* _WHAT YOU ARE ASKED TO DO_
Reproduce word for word the line holding "Marili Coll en" and all lines after it in the data, through the end, leaving out pictures.

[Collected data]
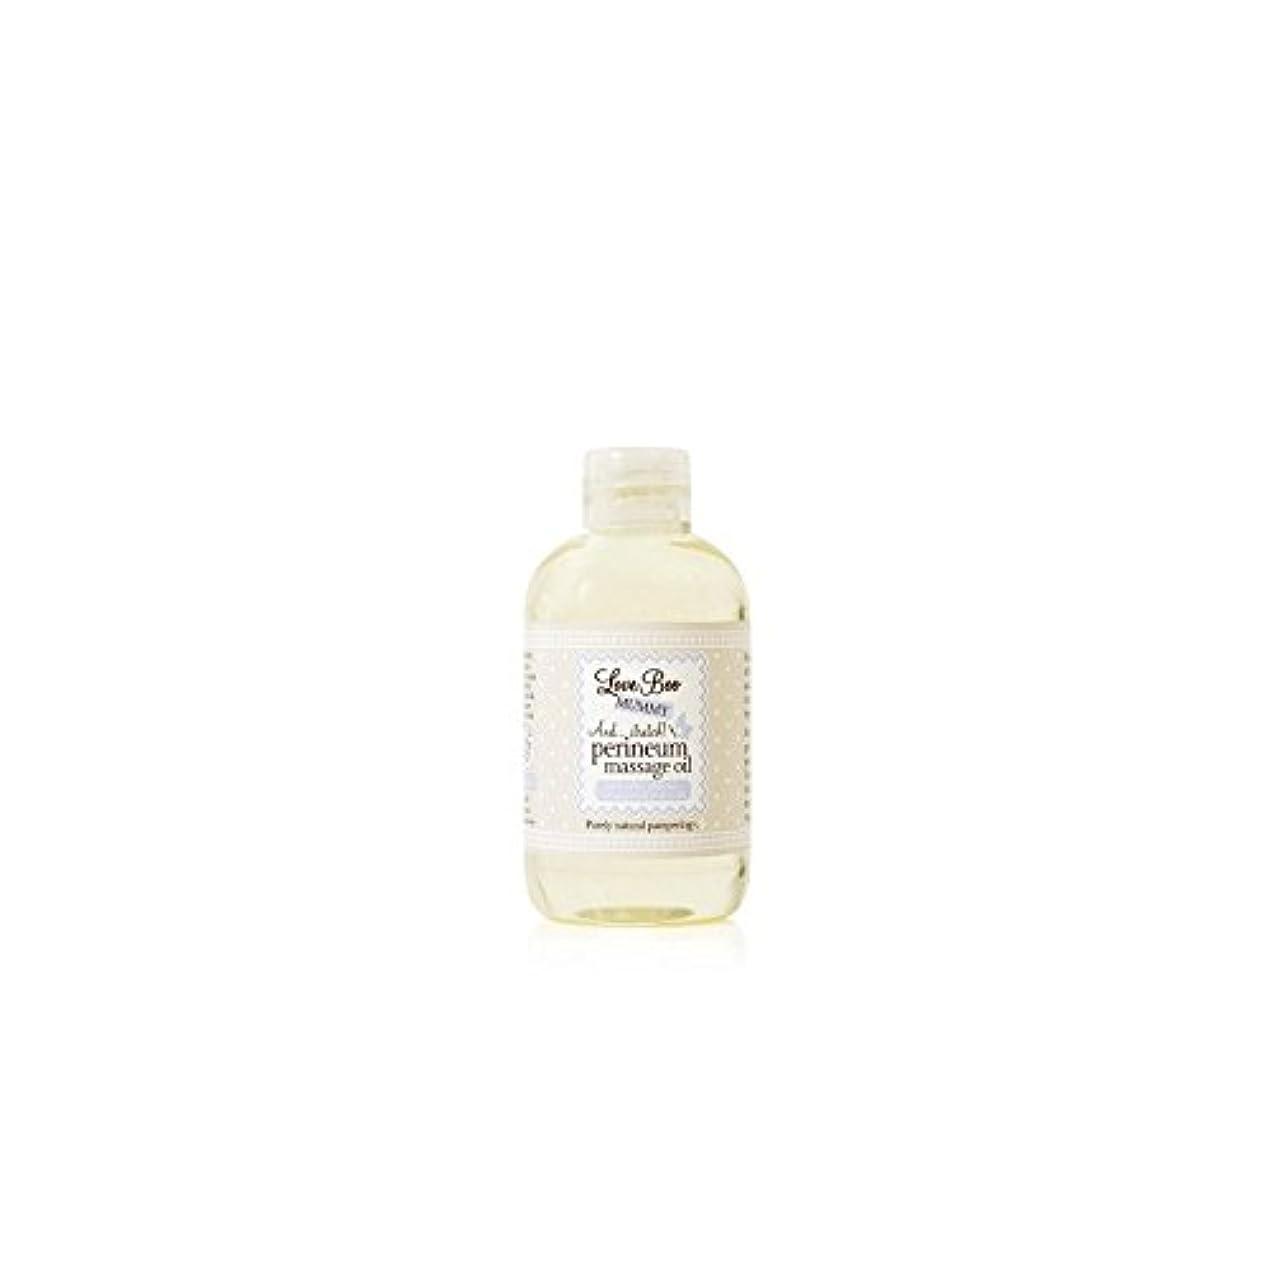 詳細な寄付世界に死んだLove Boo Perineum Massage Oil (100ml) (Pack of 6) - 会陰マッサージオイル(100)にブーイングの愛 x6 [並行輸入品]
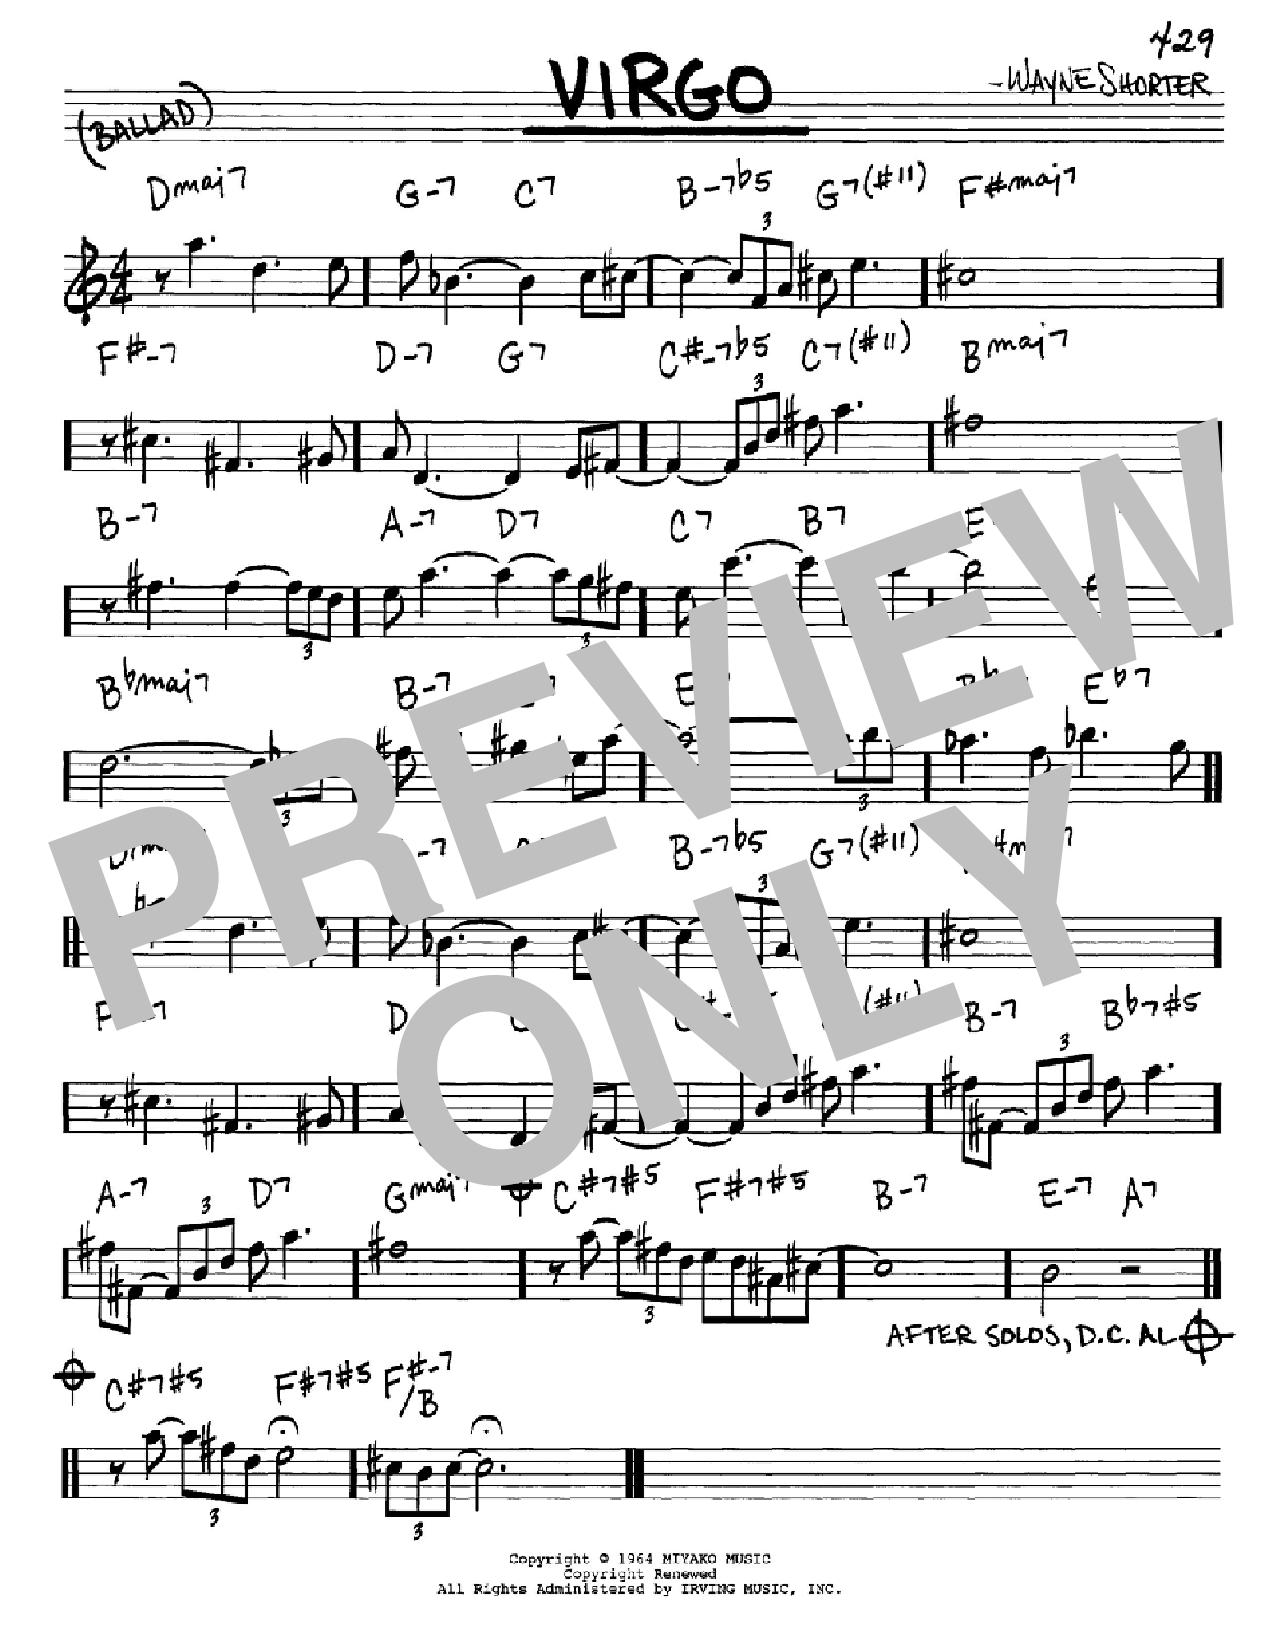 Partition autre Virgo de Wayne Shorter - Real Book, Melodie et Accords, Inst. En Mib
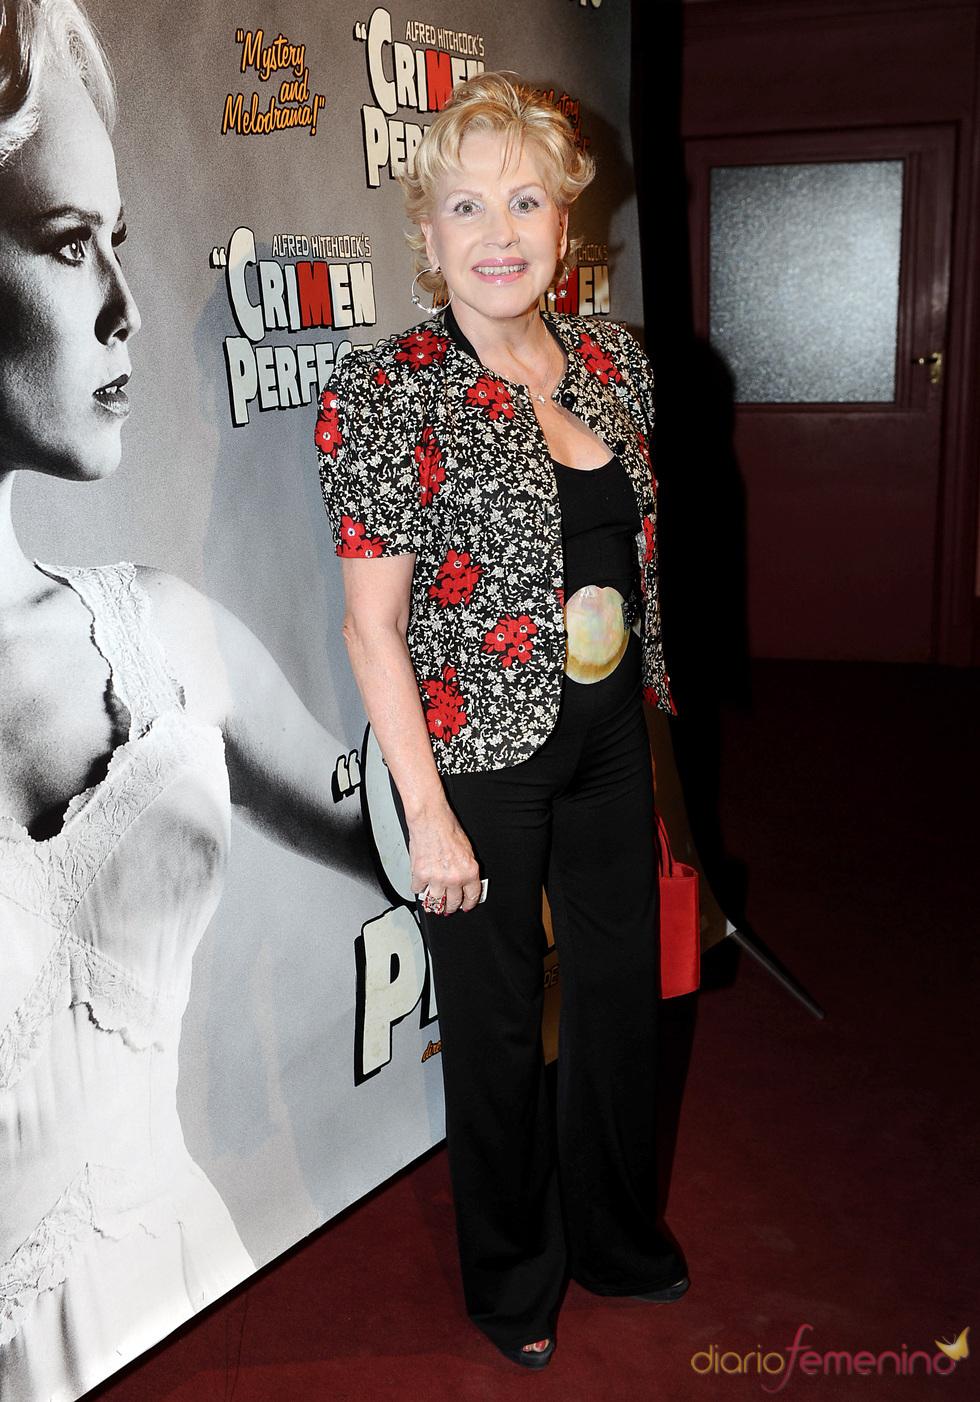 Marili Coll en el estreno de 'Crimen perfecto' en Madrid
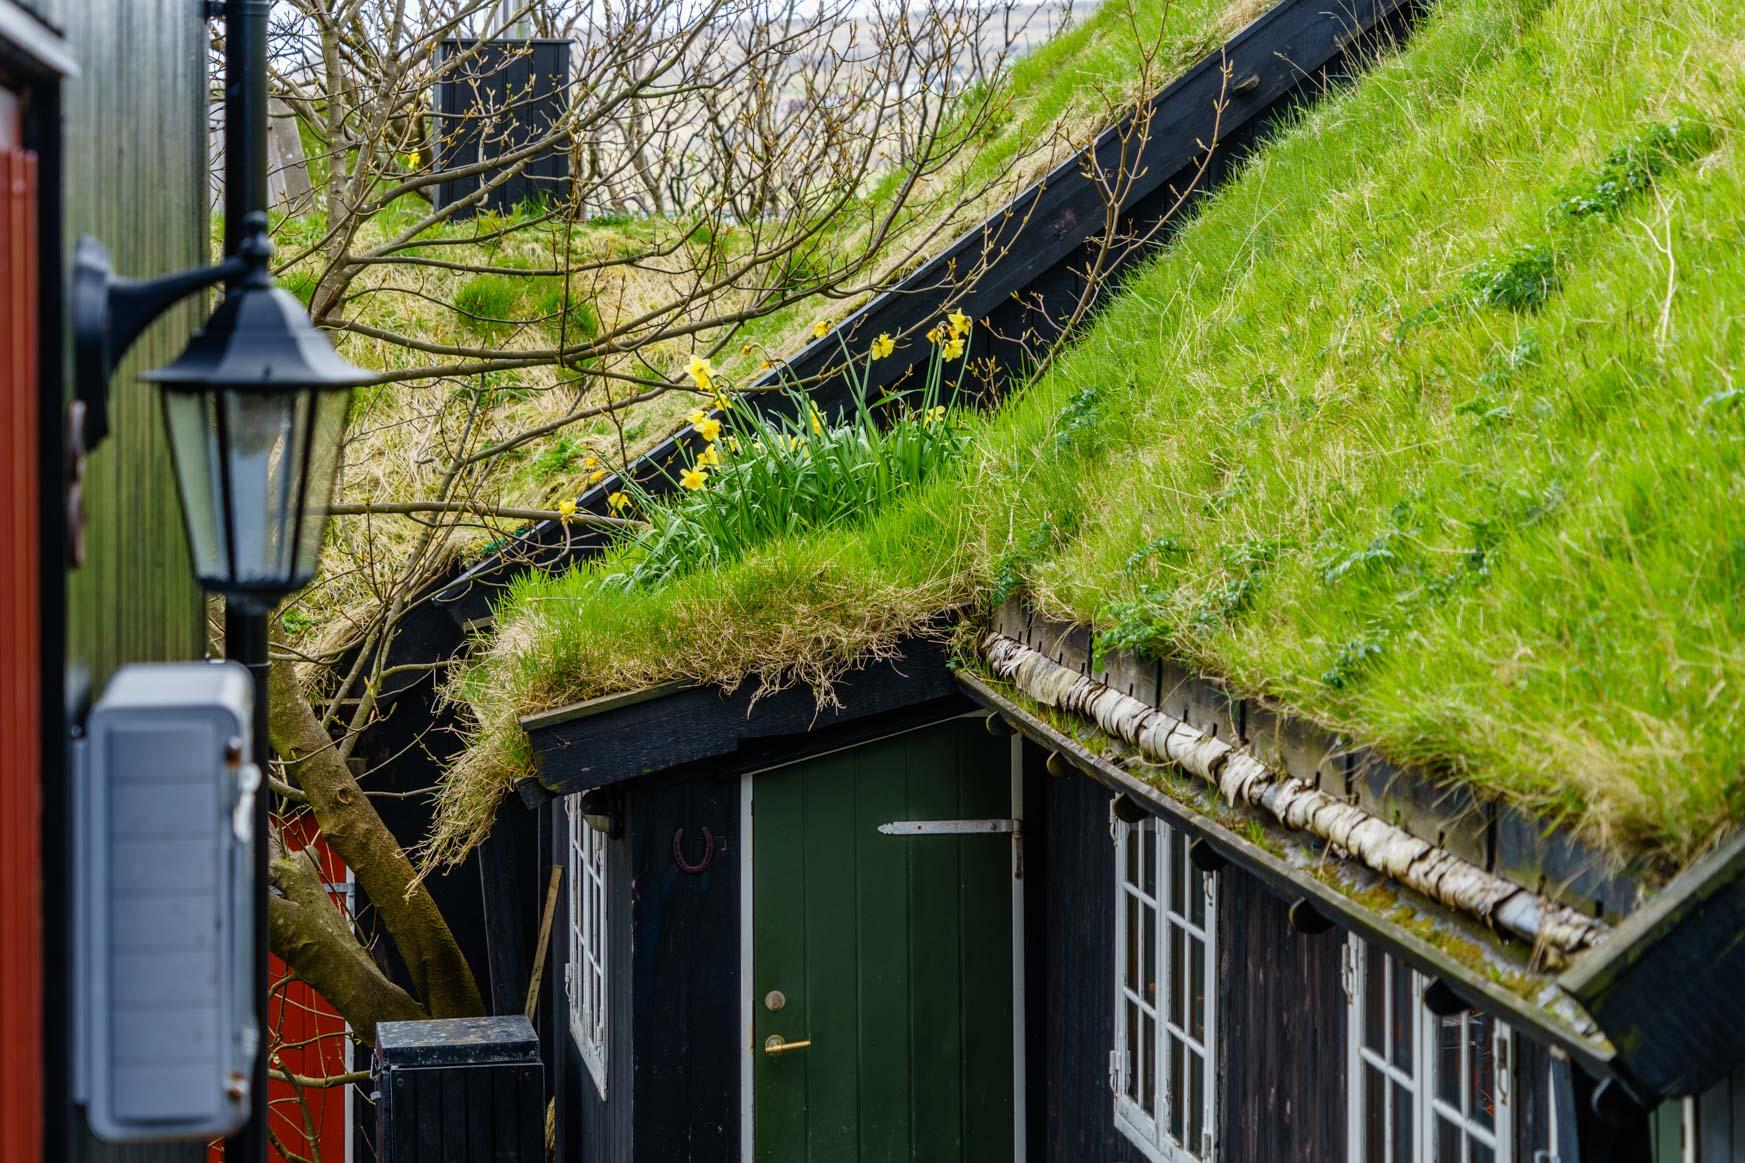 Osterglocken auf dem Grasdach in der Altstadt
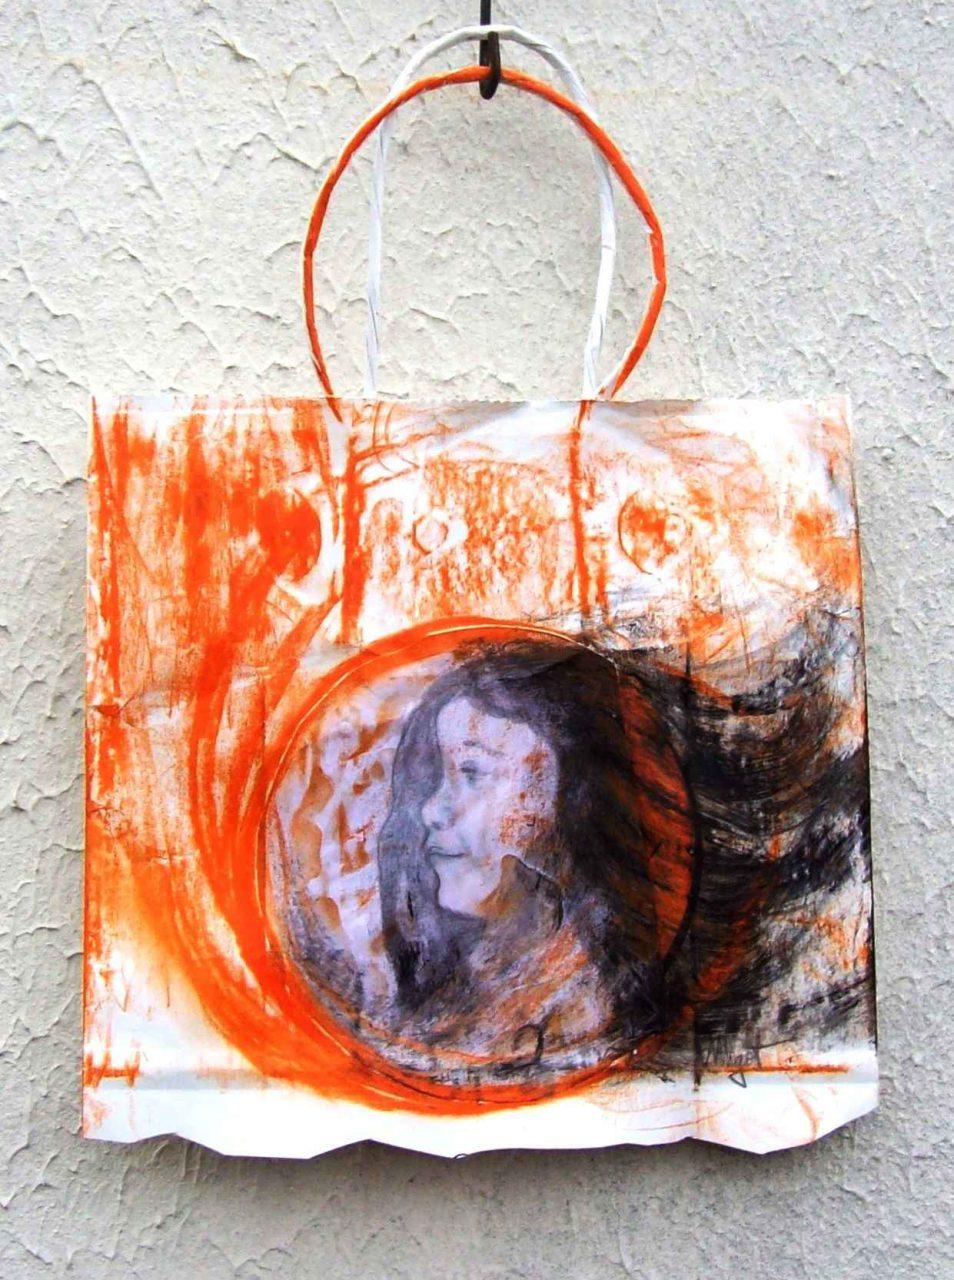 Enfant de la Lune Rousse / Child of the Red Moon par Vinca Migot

* _ANSWER SECTION_
 Marili Coll en el estreno de 'Crimen perfecto' en Madrid
 Osterglocken auf dem Grasdach in der Altstadt
 Enfant de la Lune Rousse / Child of the Red Moon par Vinca Migot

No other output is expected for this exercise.